Tuesday, November 22, 2005

Cultivating controversy

O England, the green and pleasant land
Thou art Mecca for the gardener's hand


Part of my anglophilia can be attributed to my love of gardening. My whole family (at least on VolMom's side) are big gardeners. My grandfather always had a pretty yard (and he raised lovely orchids)and his two daughters have taken it to the next level. VolMom regularly wins prizes in Lawrenceburg for good gardening in both the commercial and domestic categories and my aunt is on the Nashville pond and water garden tour. (You tour, the ponds stay where they are)

I was surrounded by books and magazines extolling English gardens (e.g. Kew and Wisley). And when I worked at Oakes Nursery and Garden Center in Knoxville for a number of years one of my colleagues, Ty, was a devotee of English horticulture, and he had a strong influence on my approach.
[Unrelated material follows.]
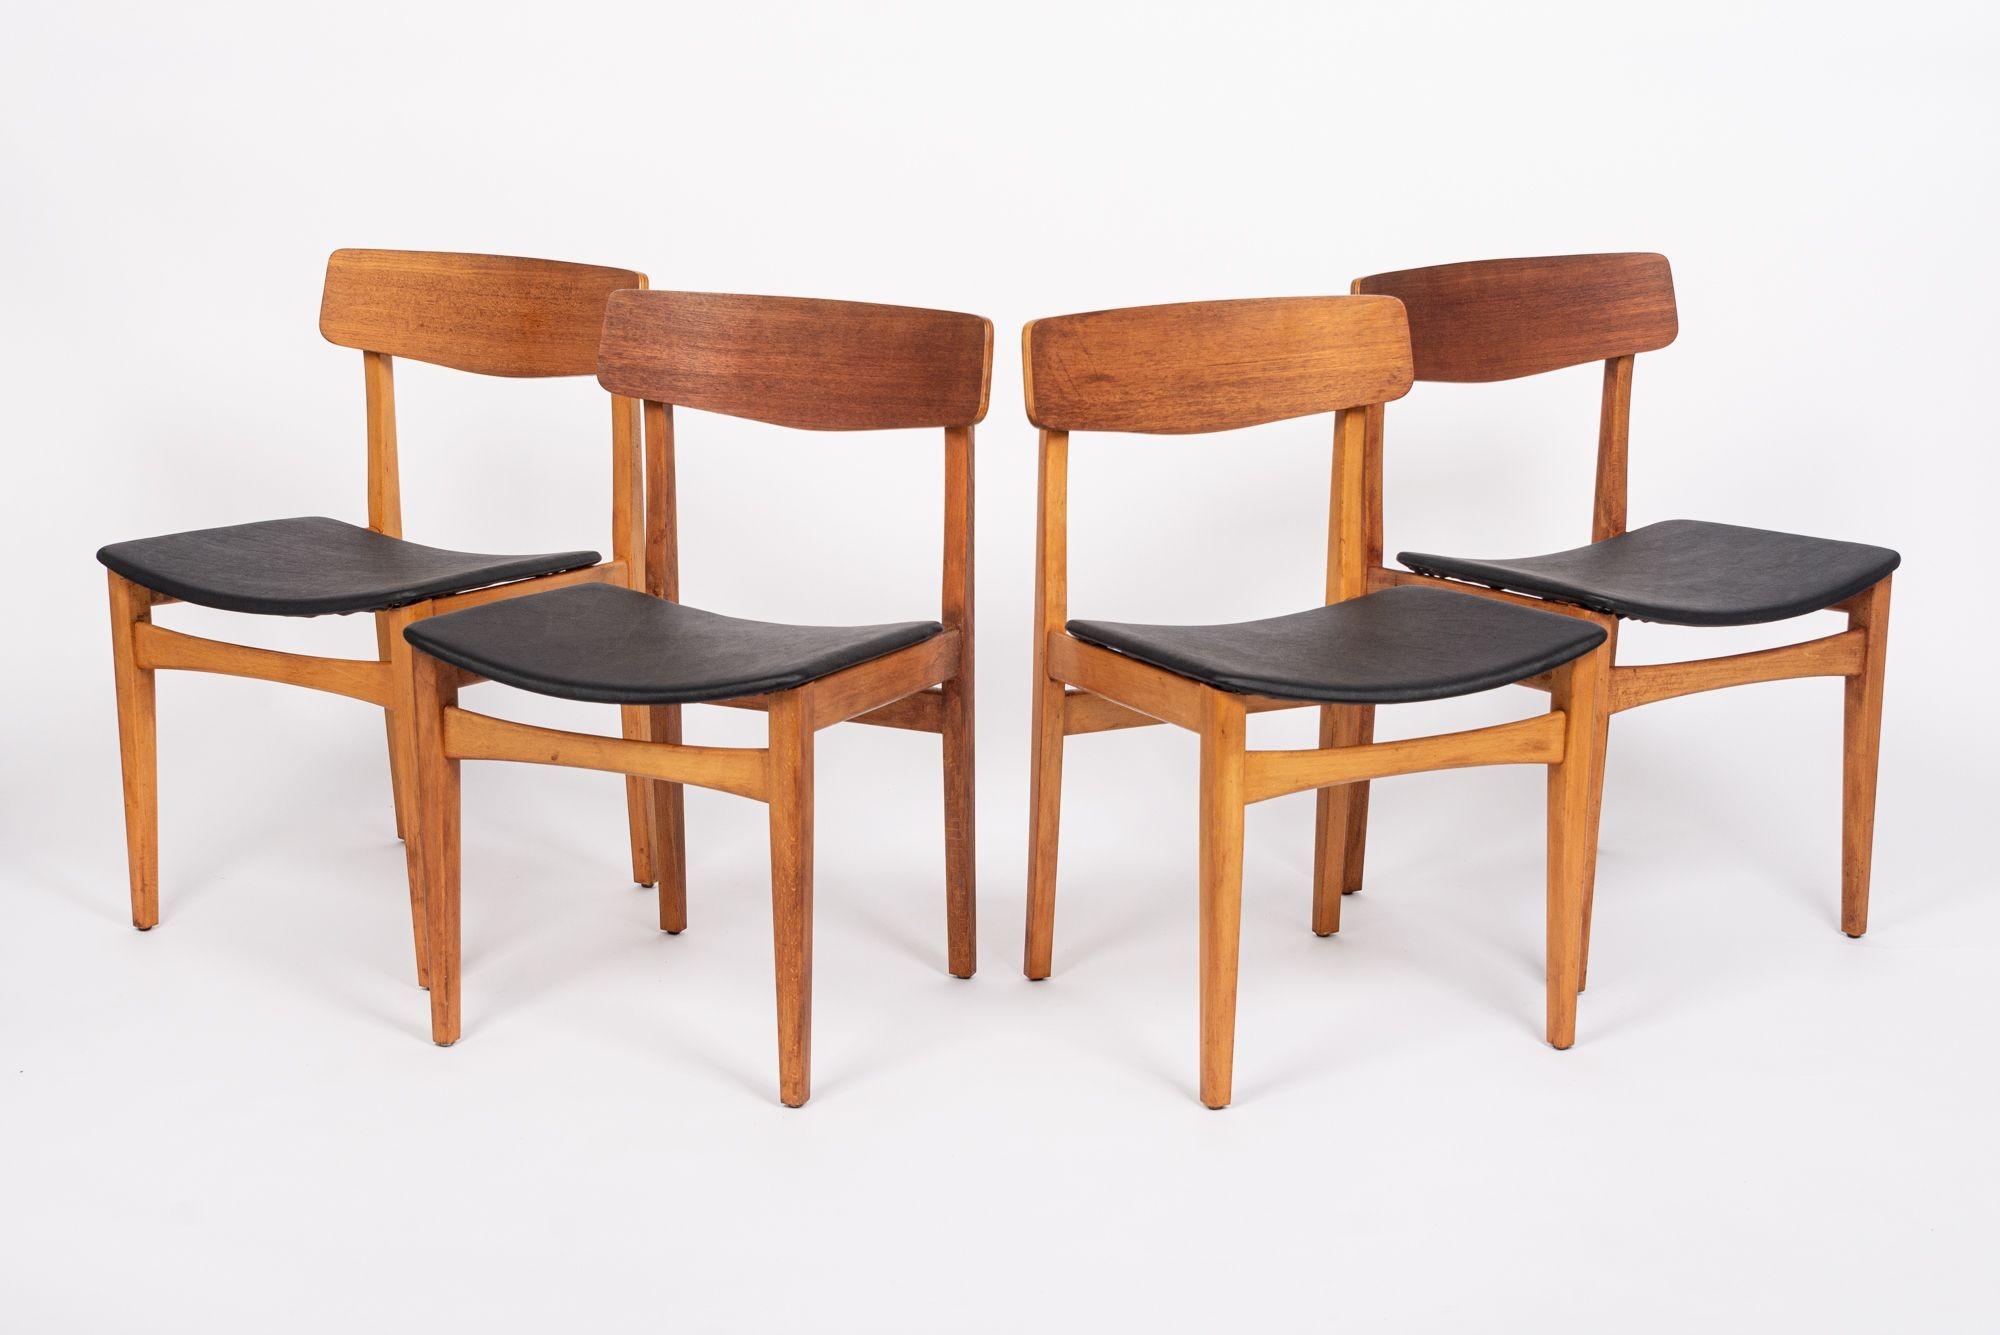 This set of four vintage mid century Danish modern teak wood dining chairs are circa 1960. These chairs have a classic Scandinavian design with clean lines and gentle curves. The chairs have a warm patina with sturdy solid teak wooden frames, bent

Fort Sanders residents of a certain era may remember the wild and colorful garden on Highland Ave next to the fire station. That was me.

The first night I arrived in the UK, I was astounded to see prime time network coverage of the Chelsea Garden Show. Gardening in England is just as big and just as wonderful as I ever imagined.

But when people care that much about something, they can be a bit precious about the subject, too. Garden snobbery is rife. There is even a term in regular usage to denote "common, or not class" that comes from a horticultural distinction "yew" or "non-yew". Class gardeners used slow growing yews, common oik use privet for hedging. Of course, when lesser gardeners caught on and starting using Taxus for themselves even yews became "non-yew" for a time.

This morning on the Today programme Anne Wareham was on saying that gardening standards were slipping and what was needed were professional critics (perhaps she fancied herself for the role). She thought gardeners were using "too many plants" and that public gardens should have a more artistic and modern approach.

Here’s what she says in The Guardian:

… their association with gardens is more about "how-to" and plants than art. If
someone sits down in front of an easel with a brush in their hand, all their
thoughts and cultural notions about art hover over their shoulder, but anyone
can happily garden without thinking for a moment about art or aesthetics.


Yikes! Too focused on plants? Not focused enough on art. I do think about impact and effect when I garden – and I garden in the round thinking through seasons, colors, smells, texture and sound. What the garden looks like at night and in the day. But I’m not sure I want Anne Wareham in my garden with her own tastes and reflections. My garden is a private thing. My garden is also a work in progress and an experiment – it’s not a finished work ready for criticism. I constantly seek new ideas and discuss with others, but in the end I need only please myself.

I worry that Anne Wareham’s vision is less about green and living things and more about the light playing on concrete blocks and decking. And in gardening terms, it all sounds a bit non-yew to me.